Engine introspection pipelines
Each engine in LLenergyMeasure exposes two complementary introspection pipelines: one that discovers the engine's typed parameter schema, and one that mines the engine's validator behaviour. Both pipelines share the same shape - probe, then introspect or mine, then write a deterministic artefact - but compute different things. Together they produce the full per-engine inventory: the typed surface plus the constraints that govern it.
Why both pipelines exist
An engine surfaces information about its parameters across two
channels. The typed schema (Pydantic models, dataclass fields, msgspec
structs) tells you which parameters exist, what types they accept, and
what defaults they ship with. The validator behaviour (validator
methods, _verify_args calls, conditional raises) tells you which
combinations of parameter values are rejected, normalised, or warned
about. Schema discovery extracts the first; invariant mining extracts
the second.
Either pipeline alone would understate the engine. Without schema discovery the runtime cannot align user fields with the engine's actual parameter surface; without invariant mining it cannot reject invalid combinations before paying the cost of engine initialisation. Running both per engine, against the pinned upstream library version, is what makes the engine first-class as a measurement axis.
The shared shape
Both pipelines follow the same four-stage workflow. The probe gates the work: if the landmark is missing, downstream stages skip. The producer either introspects or mines. The validate stage exists for invariant mining only (schema discovery is deterministic by construction). The writeback stage emits one artefact per pipeline, committed back to the PR branch by the bot.
Per-stage comparison:
| Stage | Schema discovery | Invariant mining |
|---|---|---|
| Probe | Landmark check (engine + class symbols importable) | Landmark check (engine + class symbols importable) |
| Producer | Inspect typed APIs: inspect.signature, Pydantic model_json_schema(), dataclasses.fields(), msgspec.json.schema() | AST walk of validator methods + dynamic Cartesian probing + type-system lifting |
| Validate | Deterministic by construction; no validate stage | Replay each rule against the live library inside the engine container; classify outcomes |
| Output (per-engine) | engines/<engine>/schema.discovered.json | engines/<engine>/invariants.proposed.yaml + engines/<engine>/invariants.validated.yaml |
| Format spec (reference) | Schema discovered format | Invariants corpus format |
| Per-engine digest (auto-generated) | reference/engines/schema-<engine>.md, reference/engines/curation-<engine>.md | reference/engines/invariants-<engine>.md |
Both pipelines run inside the engine's Docker image. The host has no
engine libraries (import transformers, import vllm, import tensorrt_llm all fail by design), so every engine's introspection must
run in the matching container.
Schema discovery in depth
Schema discovery introspects the engine's native Python API surface to produce a typed inventory of all configurable parameters. The introspector imports the live library, walks its config classes, and emits a deterministic JSON envelope.
What the producer does
The introspector is engine-specific: each engine has a module under
scripts/engine_introspectors/ that knows how to walk its own config
surface. The shared envelope and helpers live in
scripts/engine_introspectors/_common.py.
Determinism
Schema discovery is deterministic by construction. The introspector
reads the library's own type annotations and Pydantic schemas; the same
library version always yields the same JSON. The
LLENERGY_DISCOVERY_FROZEN_AT environment variable additionally pins
the discovered_at timestamp to a stable anchor (typically the author
date of the most recent commit touching any input path) so CI re-runs
do not produce a fresh wallclock timestamp on every invocation.

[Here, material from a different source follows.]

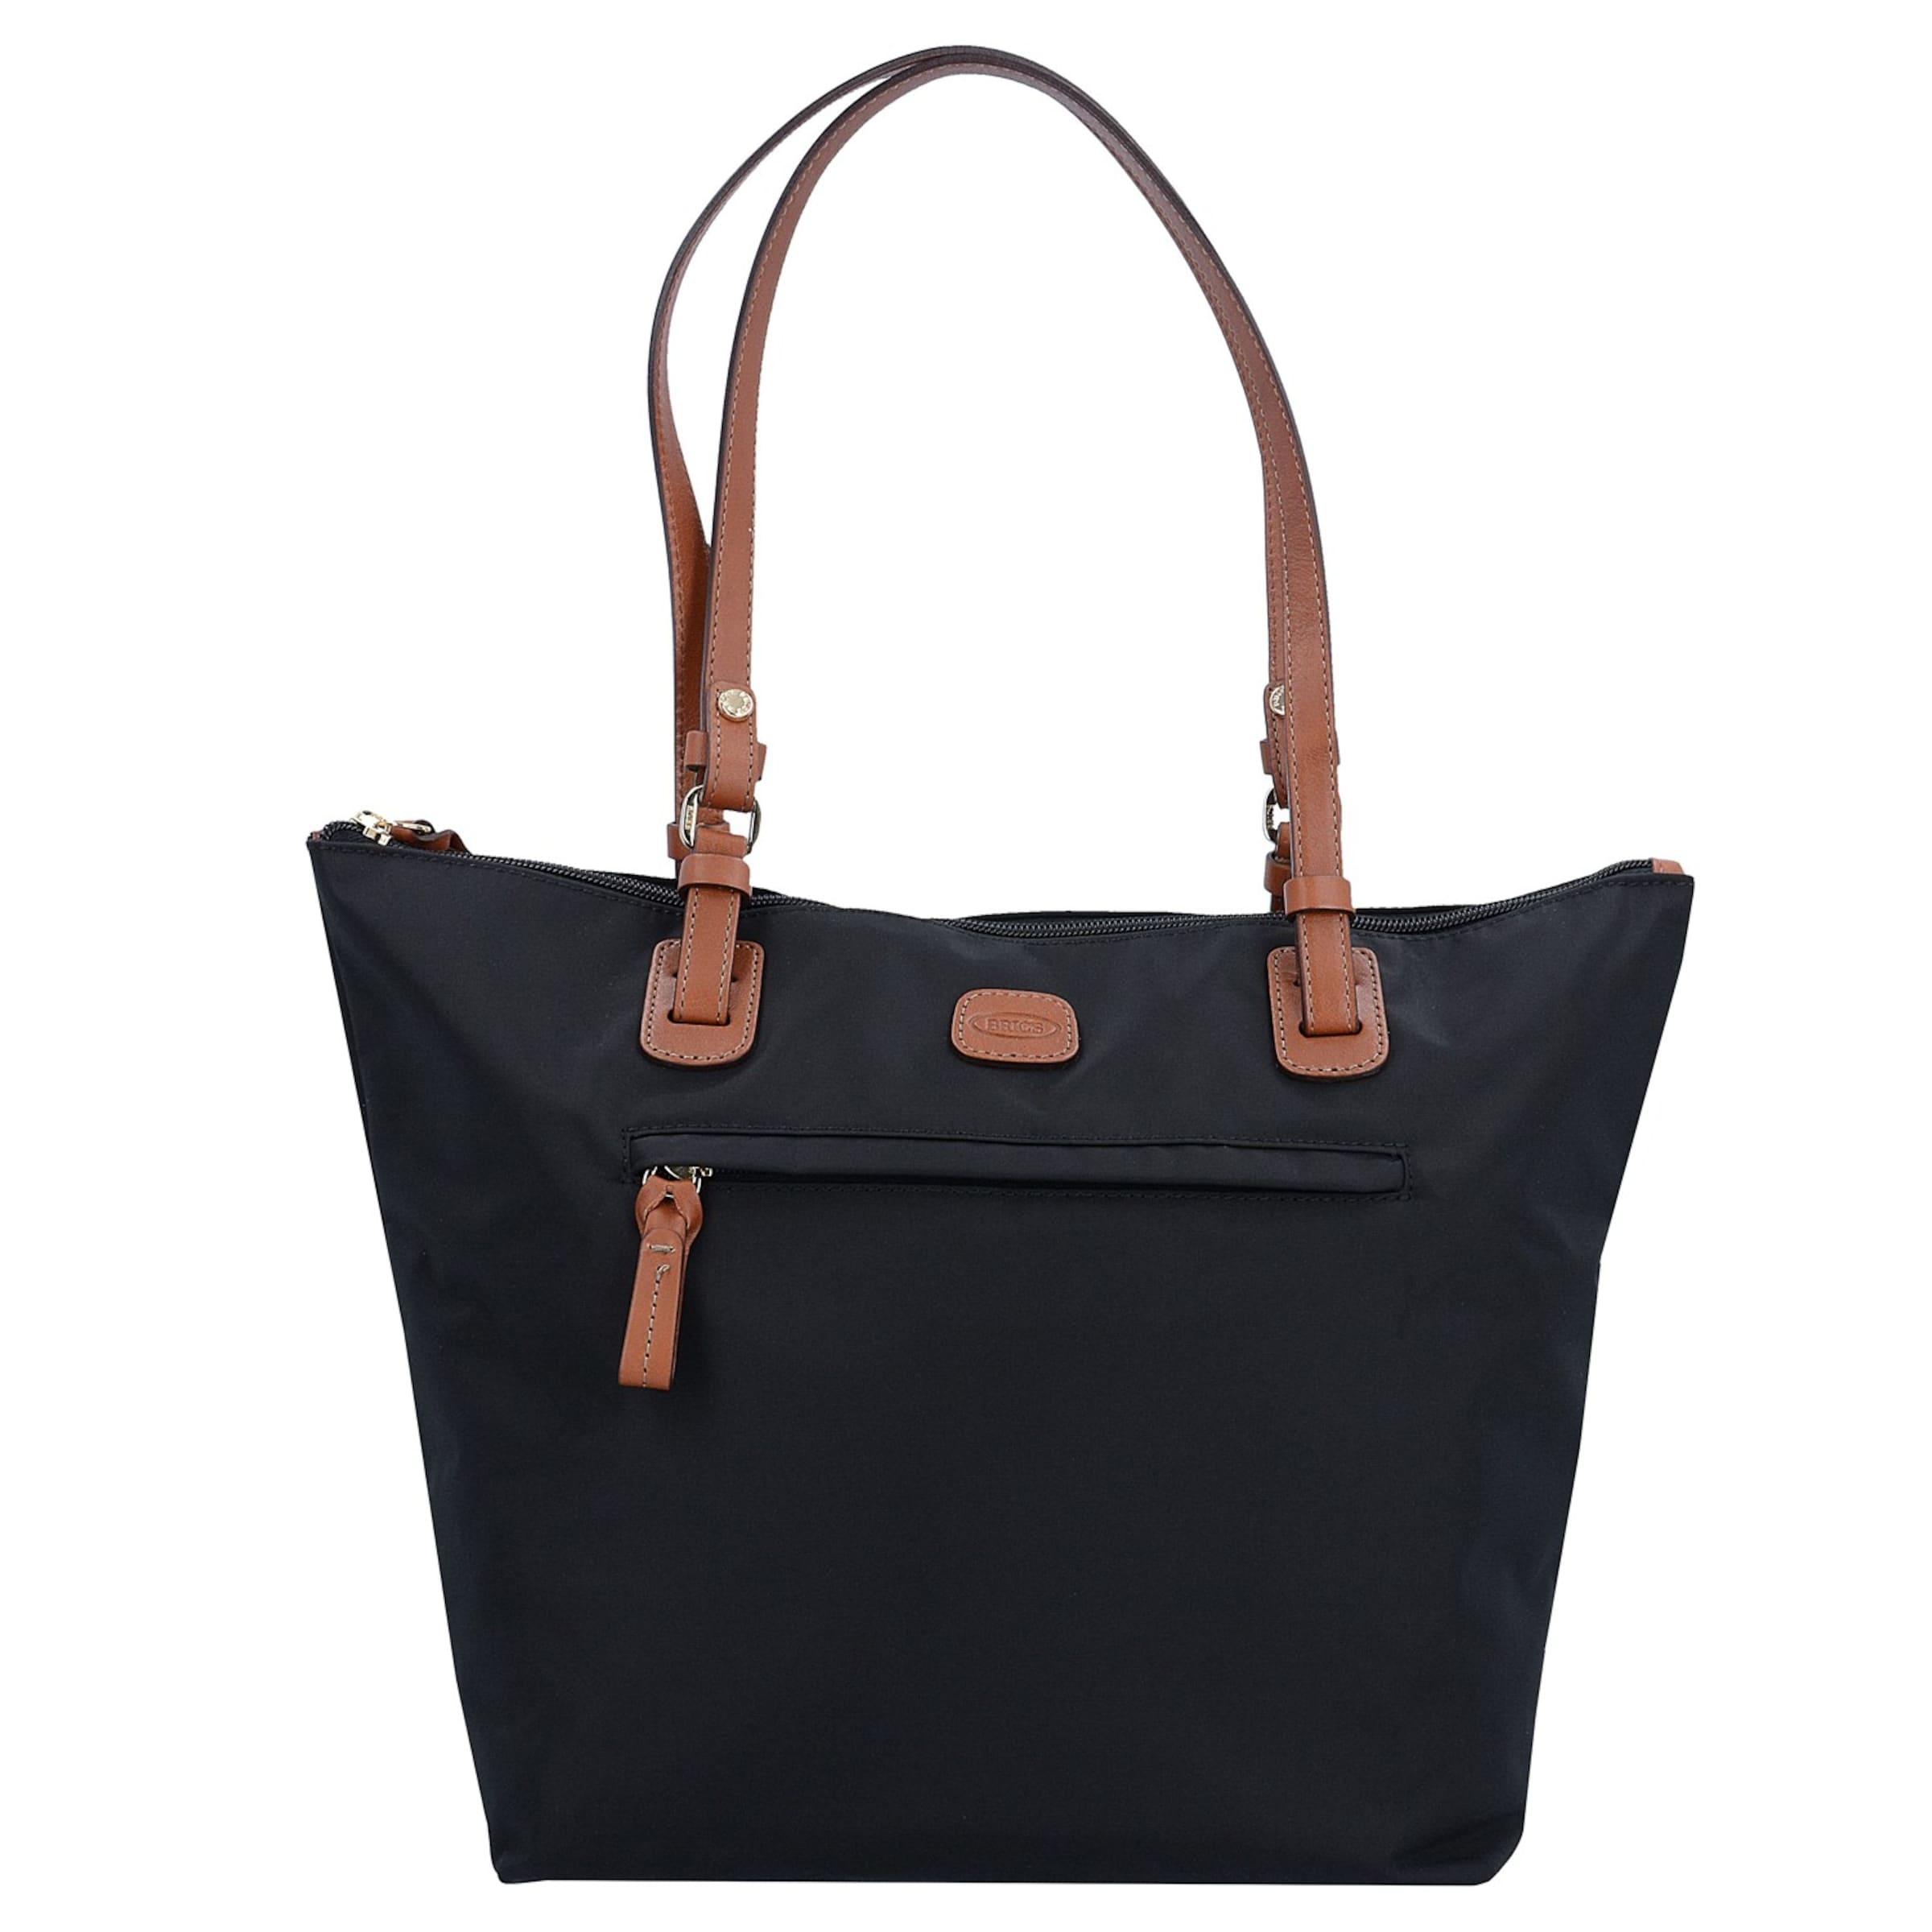 Bric's X-Bag Handtasche 25 cm Auslass Geniue Fachhändler Zuverlässige Online Erkunden Günstigen Preis Freies Verschiffen Versorgung Top-Qualität Online q9CXwyHldQ

What the artefact contains
Top-level envelope, two parameter sections (engine_params,
sampling_params), and a discovery_limitations list documenting
fields that introspection could not recover. The full reference is
schema discovered format.
What consumes it
scripts/check_pydantic_matches_discovered.py- the drift checker; flags Pydantic fields inengine_configs.pywith no corresponding discovered entry.scripts/generate_curation_doc.py,scripts/generate_schema_doc.py- the doc generators; build thedocs/reference/engines/{schema,curation}-{engine}.mddigests from the loaded schema.- The runtime parameter-discovery layer reads the schema at config-validation time. See parameter discovery.
Change classification
When discovery re-runs against a bumped library version, the diff is
classified by scripts/diff_discovered_schemas.py:
| Change type | Classification | Example |
|---|---|---|
| Field added | safe | New enable_chunked_prefill parameter |
| Description updated | safe | Docstring clarification |
| Default changed | safe | gpu_memory_utilization: 0.9 -> 0.95 |
| Type widened | safe | int -> int | None |
| Field removed | breaking | Deprecated parameter dropped |
| Type narrowed | breaking | int | None -> int |
| Enum value removed | breaking | Quantisation mode dropped |
Metadata fields (discovered_at, engine_commit_sha, image_ref,
base_image_ref) are excluded from classification because they change
on every run.
Invariant mining in depth
Invariant mining extracts validation rules from engine library source code by combining static AST analysis, dynamic combinatorial probing, and type-system lifting. The output is a corpus of invariants - one constraint per rule - that the runtime uses to reject invalid configs before engine initialisation.
Component overview
Three producers, then merge, then replay against the live library:
- The static miner walks the AST of validator methods.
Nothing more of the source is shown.